Data supplied
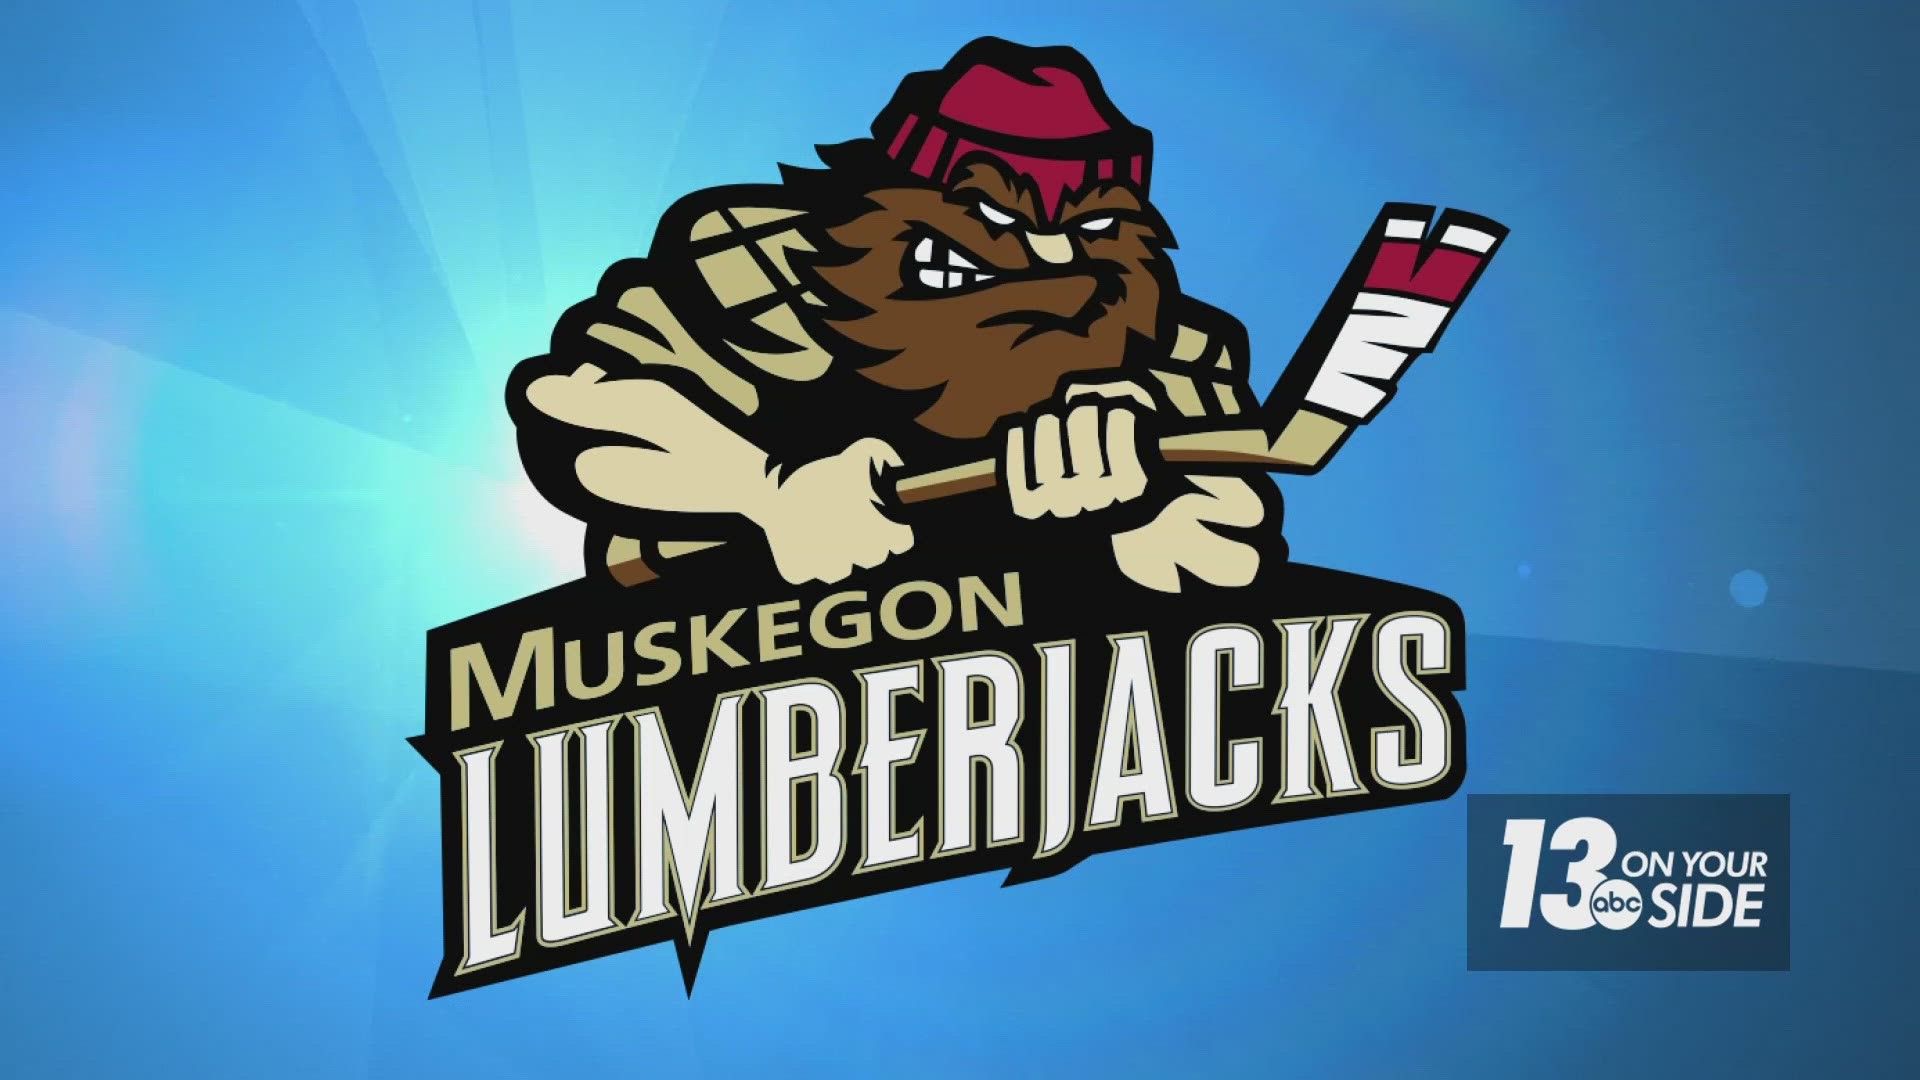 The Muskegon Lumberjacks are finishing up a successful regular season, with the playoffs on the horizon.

...

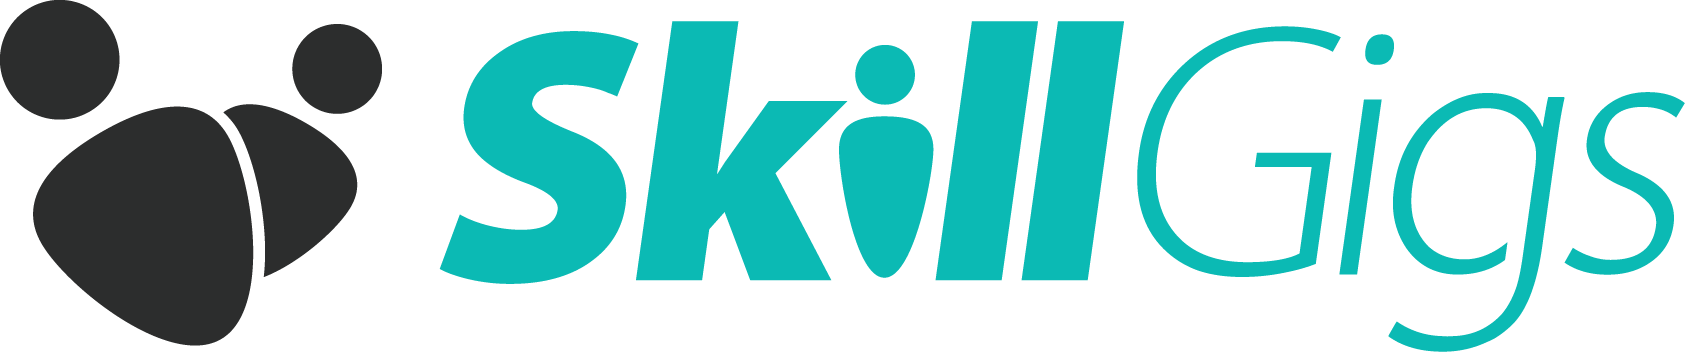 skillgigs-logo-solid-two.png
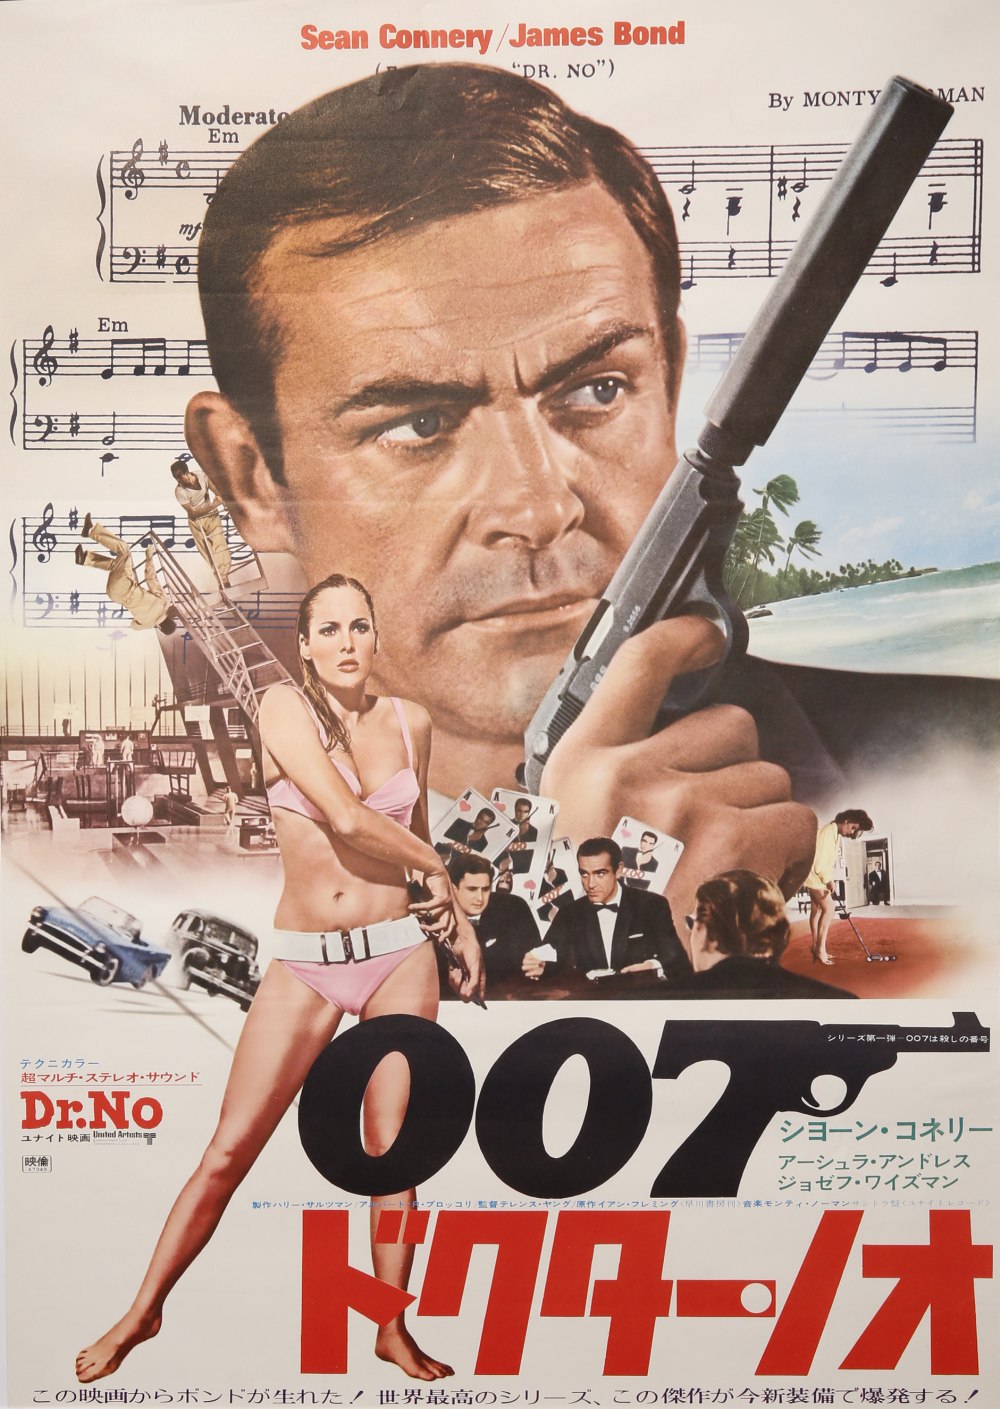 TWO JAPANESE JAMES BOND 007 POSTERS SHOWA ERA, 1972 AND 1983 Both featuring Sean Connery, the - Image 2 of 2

About this task
Keep to the lines above from the line with "skillgigs-logo-solid-two.png" to the line with "TWO JAPANESE JAMES", and set down exactly those, inclusive, with nothing else and every picture left out.

Answer box
 skillgigs-logo-solid-two.png
 TWO JAPANESE JAMES BOND 007 POSTERS SHOWA ERA, 1972 AND 1983 Both featuring Sean Connery, the - Image 2 of 2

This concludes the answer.